By improving its client list (i.e., adding companies with similar environmental and sustainable values), the Patagonia company is making a strong effort to create a positive difference in promoting a greener planet. Many of these green companies are B corporation certified, which is reserved for businesses that meet standards of social and environmental performance. Patagonia itself has been certified as a B Corp and aims to grow the number of other companies on the list by setting a positive example.

 

Customers and Patagonia vest enthusiasts should not fear for their fleeces or puffers disappearing any time soon. Patagonia’s vests, jackets, and pullovers have become almost uniform in the tech and finance worlds and are not going away.
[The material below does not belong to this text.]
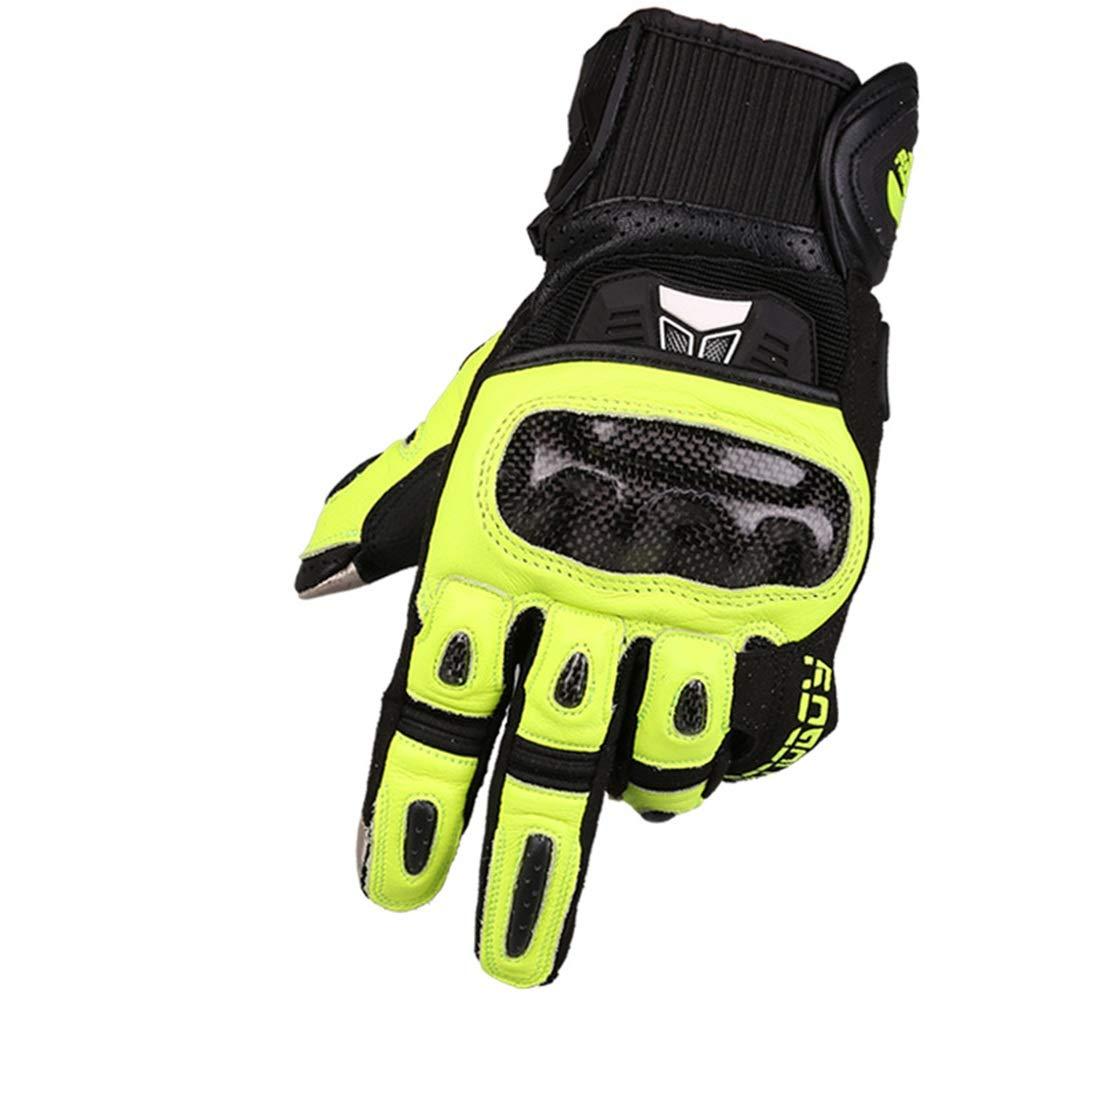 JESSIEKERVIN YY3 Kohlefaser-Motorrad-Vollfingerhandschuhe für Motorrad-Radfahren beim Wandern

In fact, existing corporate customers will remain in the program and still be able to order branded items from Patagonia. Not only does Patagonia support sustainability, but it also supports organizations devoted to positive change. The brand proudly advertises the fact that a certain percentage of their sales goes toward funding activists and groups who “take radical and strategic steps to protect habitat, wilderness, and biodiversity.”

 

As a Patagonia customer myself, I can testify that their high-quality products get me through my cold Lewisburg winters while providing a sense of comfort in my place of work and in class. Along with that, this new environmentally-friendly change is one that I can support. Our generation must recognize that climate change is a very real issue, especially in the realm of consumerism, technology, and fashion. We are a consumer capitalist society that buys and buys and buys. Brands like Patagonia who highlight the capability of the natural world for what they were made for through their categories of products – surfwear, snow wear, and more – is why Patagonia makes its merchandise. Although it is not realistic for all brands to have the same values, brands similar to Patagonia that value travel and adventure in its purest forms should consider greener alternatives.